Human Design, like any system, is not here to fix us. It’s not here to become our identity. It’s not here to give us a perfect life. Rather, these systems are here to invite us back into an honest relationship with our bodies. But too often, the way we engage with them pulls us further into the mental realm.

So, let’s talk about some of the most common ways I see people giving their power away to and with these systems. And I am no more immune to these ways than any other being. In fact, I’ve had phases in my life where I’ve experimented with certain elements of my own design, sometimes to an extreme, only to find more nuance and complexity than the core teaching offered.

As someone with 3rd Line characteristics and a tendency to take things to extremes, this has often felt correct for my body.
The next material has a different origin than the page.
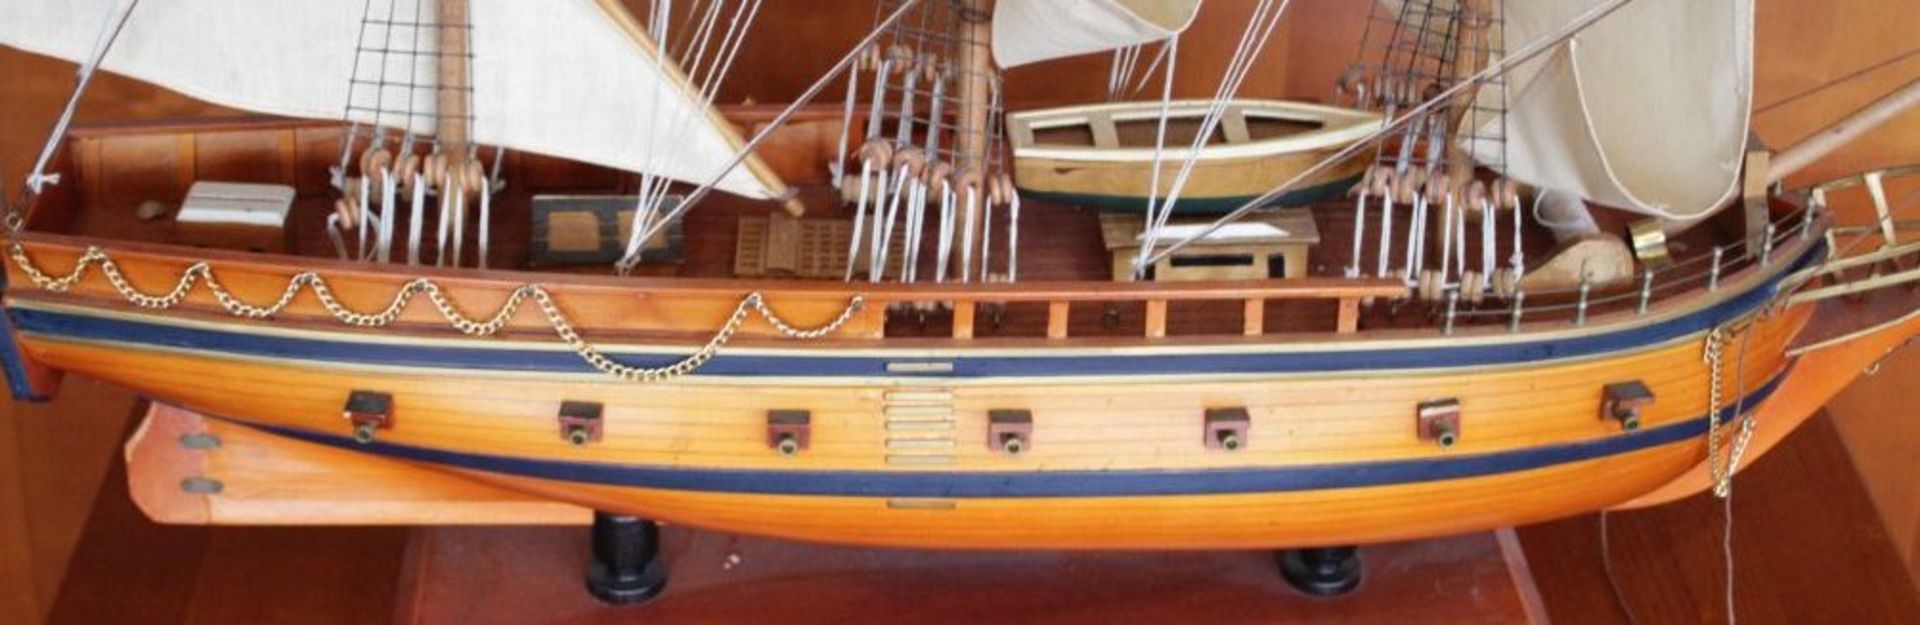 Schiffsmodell "Prince 1670" auf Stand, Holz, H-95cm L-110cm B-20vm. KEIN VERSAND MÖGLICH - Image 6 of 6

In hindsight, these experiments almost always came about through a genuine inner desire to learn.

In the four and a half years I’ve explored Human Design, any part of the experiment I’ve entered into has been a conscious choice. More often than not, it’s been rooted in a simple desire to want to see what happens. They don’t call me naturally inquisitive for nothing. ;)

These personal experiments have mostly been fuelled by a desire to learn how the mechanics of the bodygraph actually work. What would happen if I stopped initiating from certain shoulds or societal expectation; if I simply allowed my mechanics to lead? And in that process, I would often bump up against my many not self patterns and behaviours. And that’s where the main challenge to remain detached would begin: can I remain the passive observer who’s having this experience through my body or will my mind kick in and try to fix the situation somehow?

And I want to make it clear that it’s not the experimenting with the extremes that is necessarily bad. It simply is what it is. And in fact, we need some of us to do the heavy lifting (I’m looking at you, 3rd Lines).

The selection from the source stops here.